13) Browse and manage via the Web UI (optional): Use the repo’s “Web UI” documentation to access the dashboard/mobile interface for viewing, searching, and managing stored memories.
14) Use the API directly for custom workflows (optional): If you want automation, call the HTTP endpoints described in the wiki “API Reference” (e.g., `/capture`, `/append`, `/update`, `/list`, `/count`, `/tags`, `/stats`, `/chat`, `/mcp`). Always include `Authorization: Bearer <AUTH_TOKEN>`.

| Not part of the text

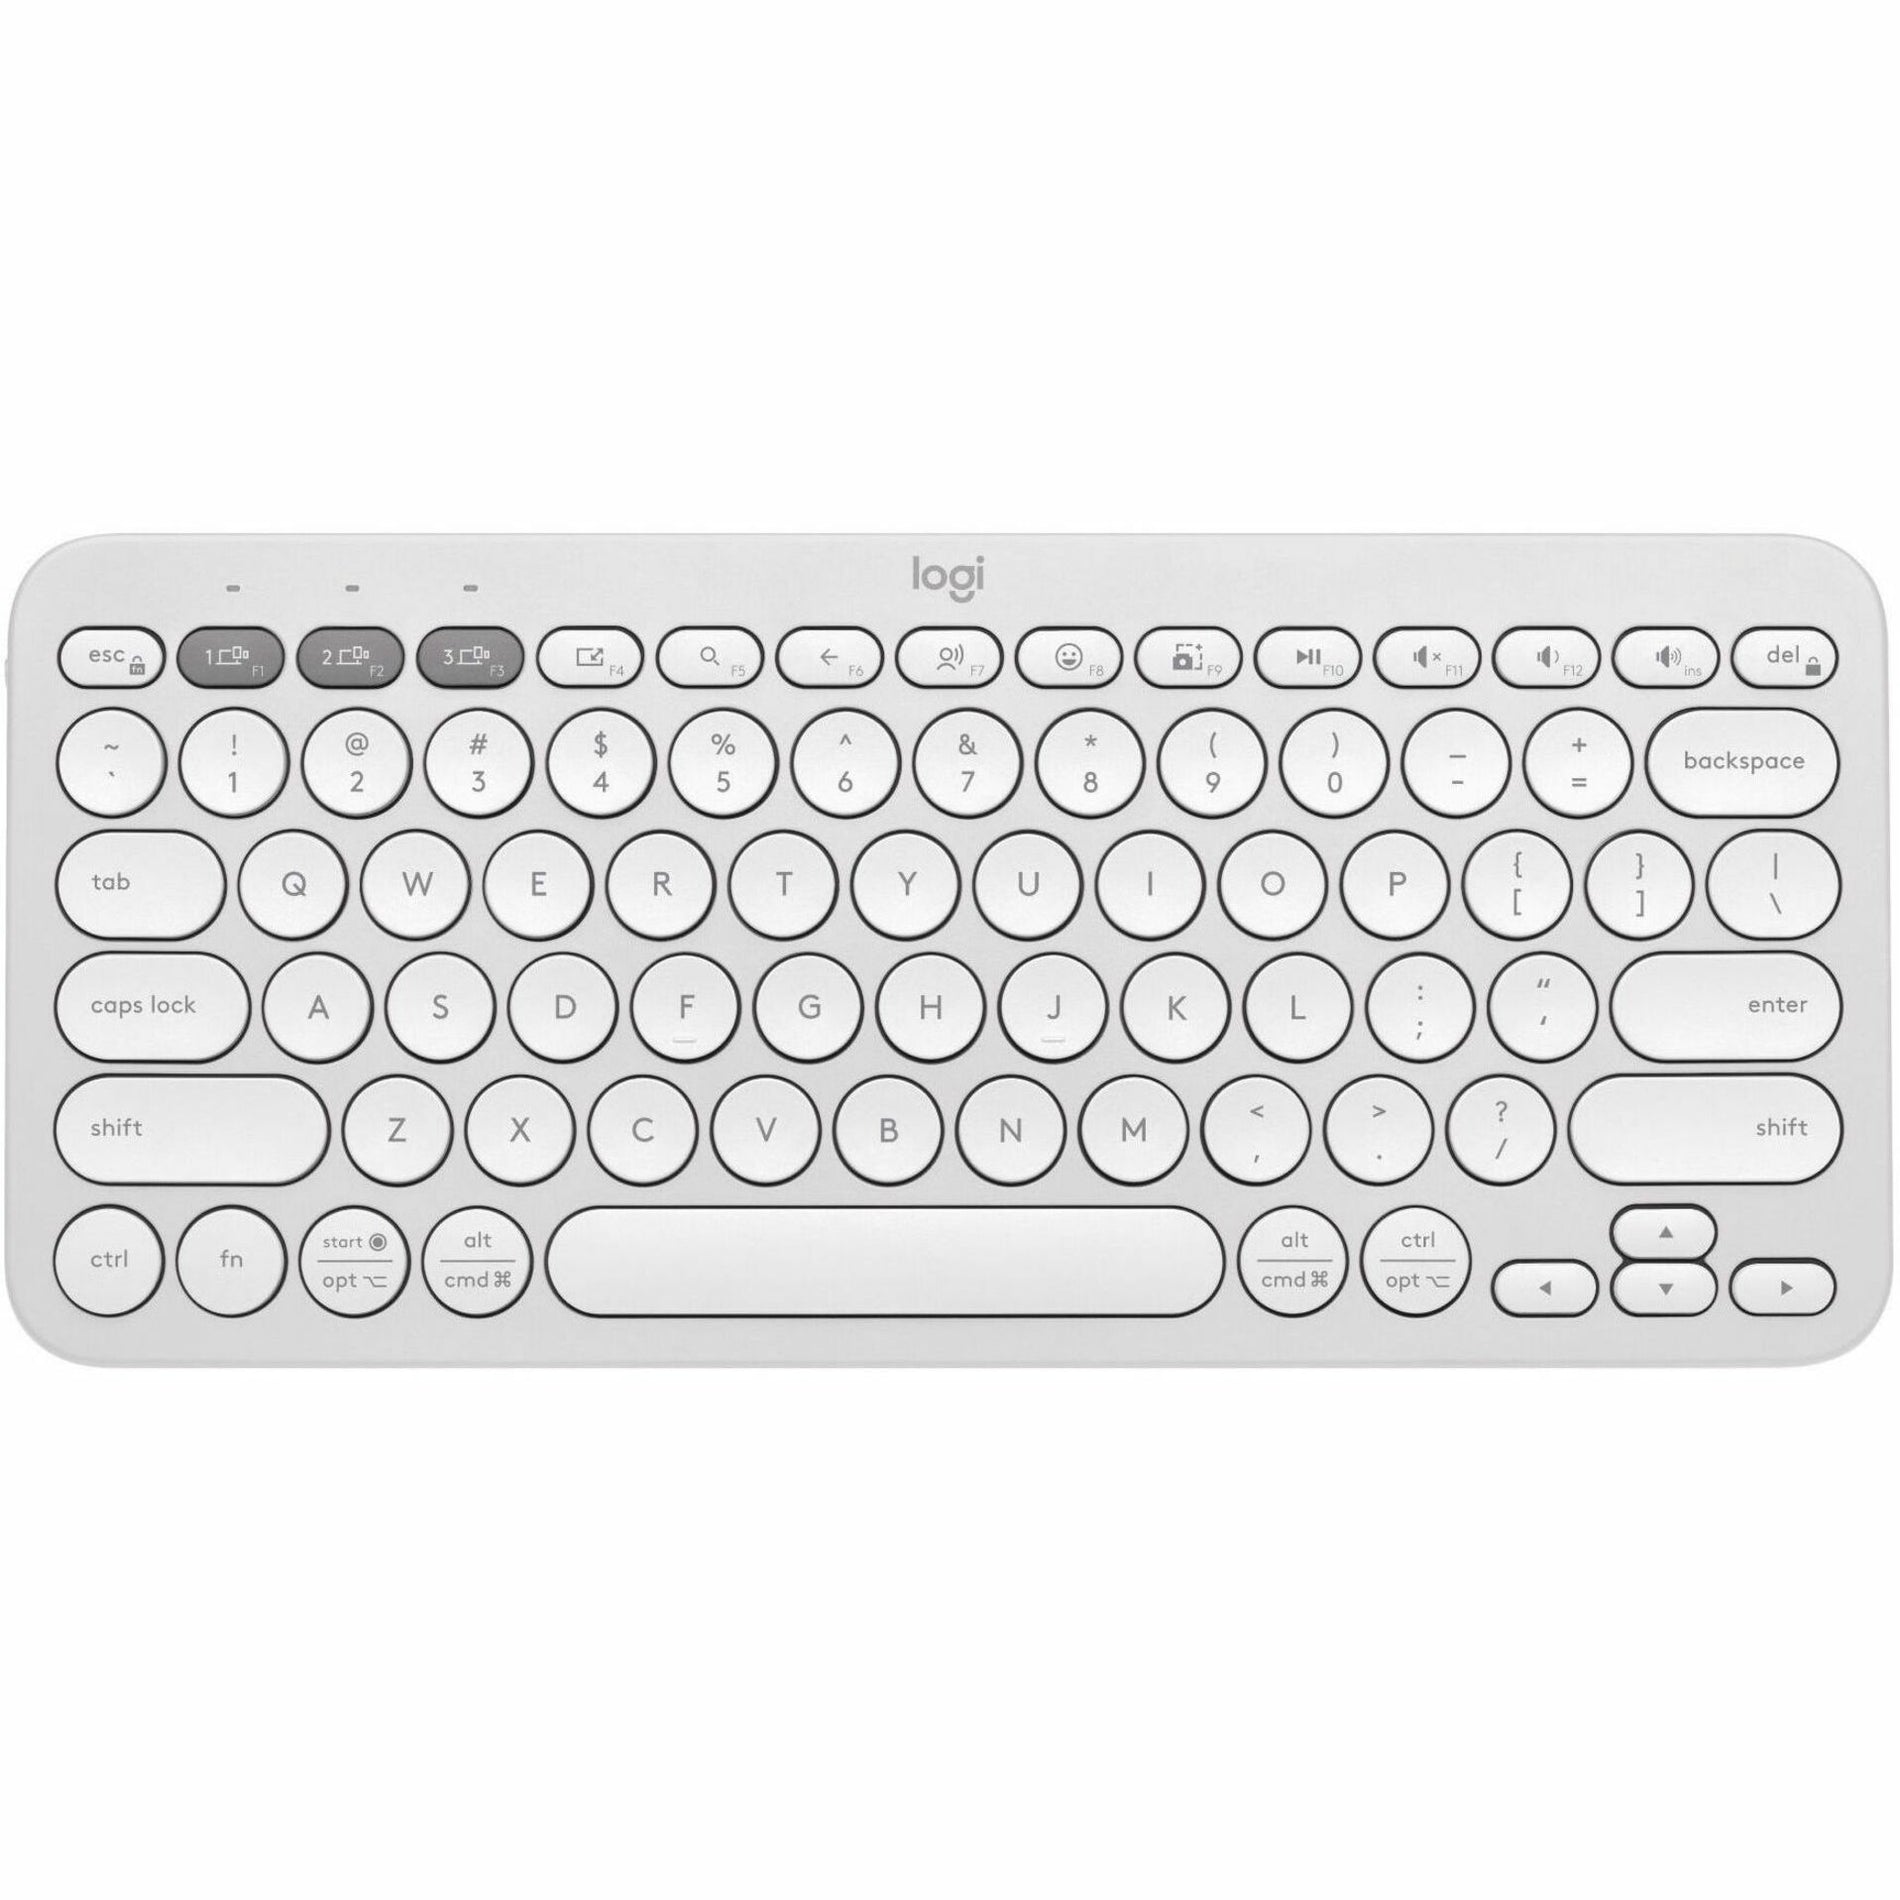 Logitech 920-012198 Pebble 2 Combo Wireless Keyboard and Mouse, Quiet Keys, Low-profile Keys, Slim

15) Maintain hygiene: update, append, and forget: To keep your memory useful, prefer `append` for ongoing threads (so you don’t create duplicates), `update` when you want a clean canonical entry, and `forget` to remove outdated or sensitive items.

Second Brain for AI FAQs

Second Brain for AI is a self-hosted, persistent memory layer you deploy in your own Cloudflare account. It lets multiple AI clients (e.g., Claude, ChatGPT, Cursor, and other MCP-compatible tools) store and recall shared context across sessions so you don’t have to re-explain projects, decisions, or preferences.